Im developing a program where all the threads of a kernel need some parameters (over 22 floats ) so I was wondering to know if it is possible to store them directly in the shared memory passing them as argument.
As passing 22 arguments is not very comfortable, and float[22] would not work as expected (I supose that the only which would be placed in shared memory in this case is the pointer to the first element, thus the rest will remain in global memory), I think that the best option is to do an struct with the 22 elements, an then pass only this struct as argument.
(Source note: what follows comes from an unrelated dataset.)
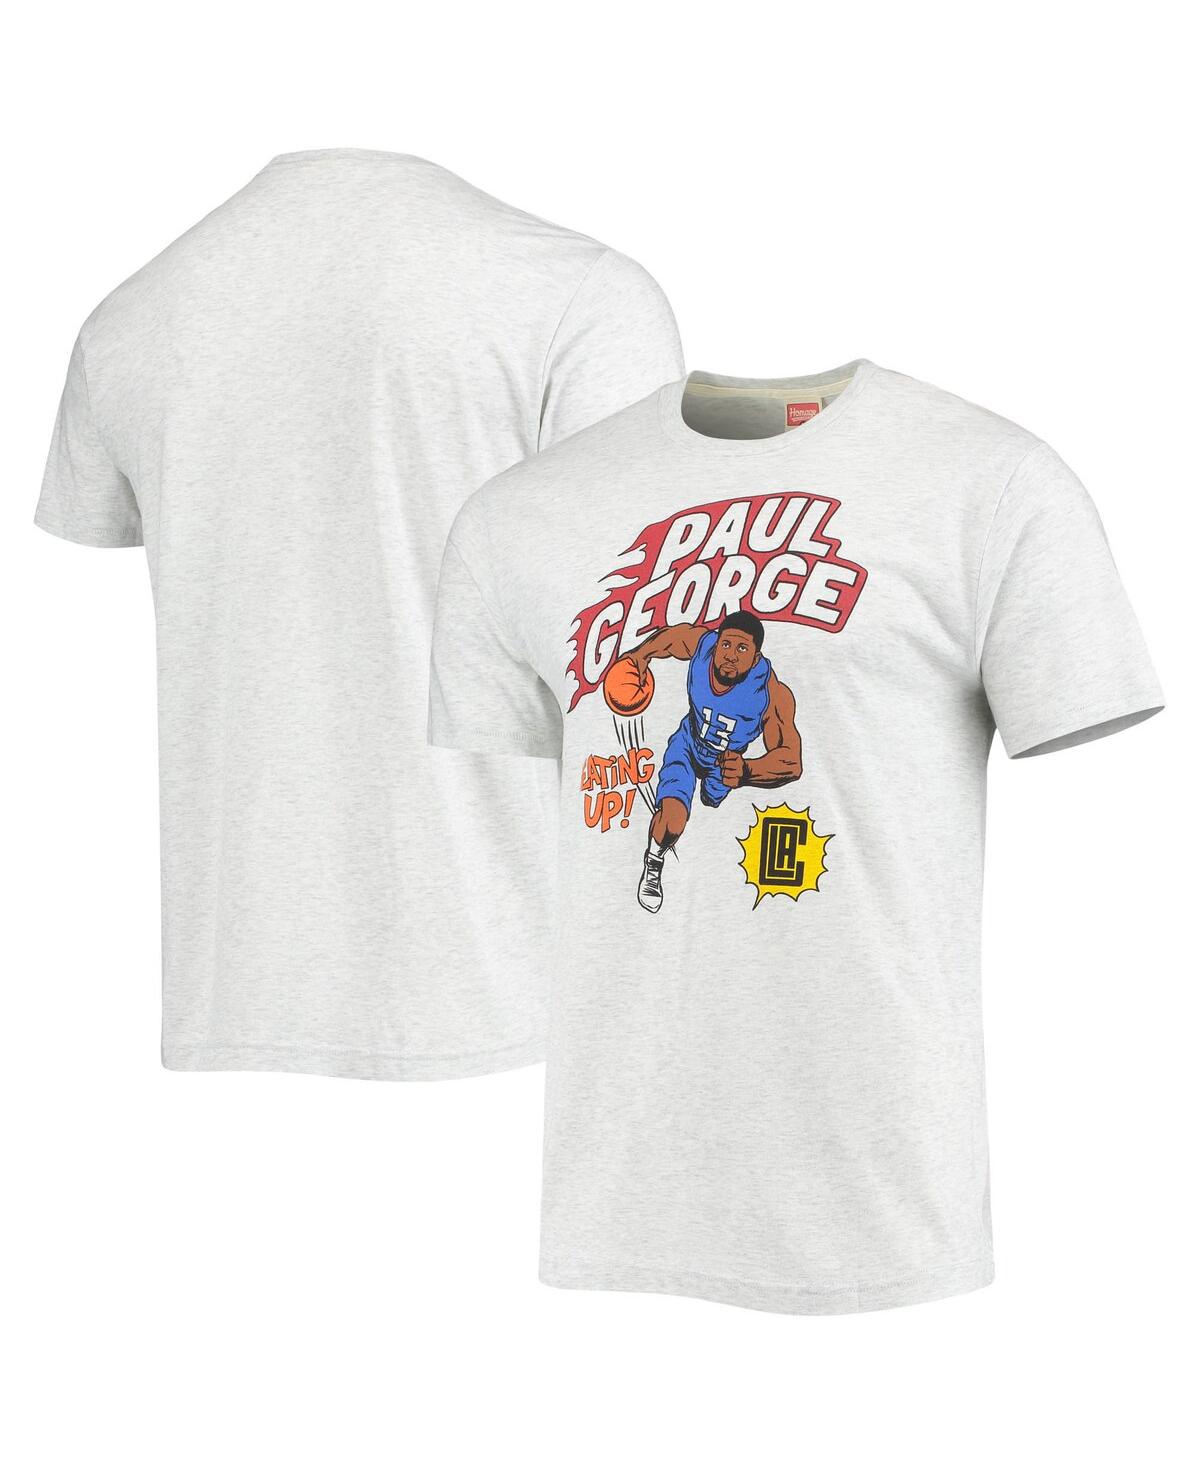 Men's Paul George Ash La Clippers Comic Book Player Tri-Blend T-shirt - Ash

What I’m not sure is if all the data of the struct will remain in shared memory or if it will happen like in the array case.
Can anyone help me?
I also wanted to know if in that case I have copy the struct in the device memory as usual (cudaMalloc + cudaMemcpy).
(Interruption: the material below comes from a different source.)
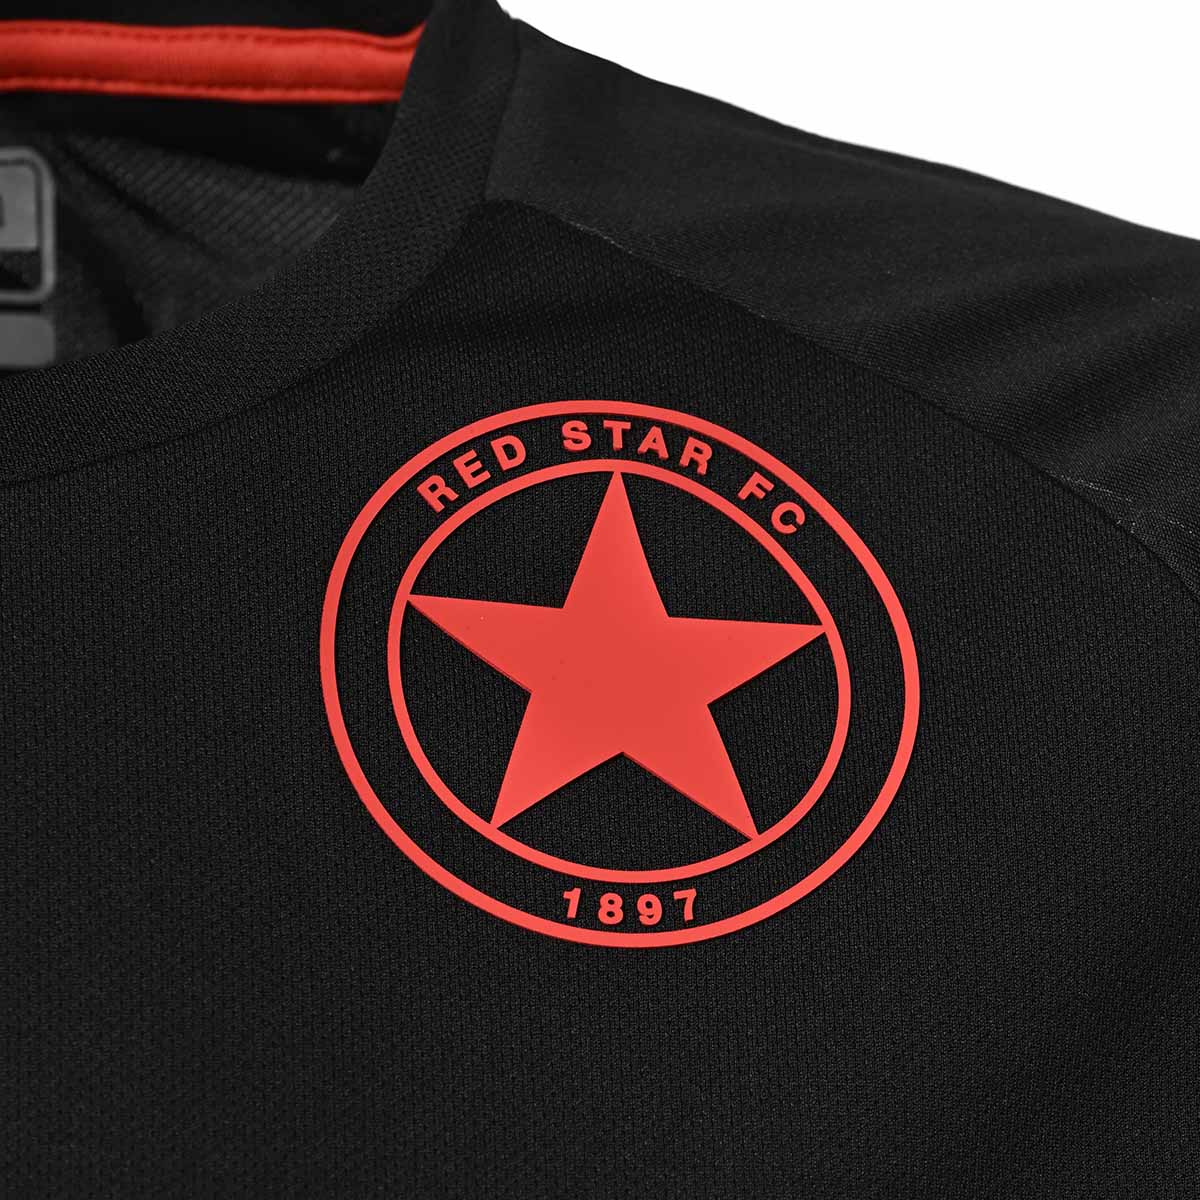 Estrella negra sobre camiseta roja

I think that struct on the kernel argument should go to shared memory, but in this case I’ve another question. If I have 2 arrays of 11 elements each in my struct, instead of having 22 diferent variables, what should happen ten?
Probably the pointer will store in shared memory but not the whole array, won’t it?
In any case, if the whole struct is on the shared memory, may I call malloc or not?
An array is just a pointer to the first element of the array. So passing an array to a kernel, only the pointer will be transferred.
I have never tried passing a struct to a kernel, but it should be stored in shared memory. Passing a struct with an array within it won’t work. The pointer within the struct is a host pointer!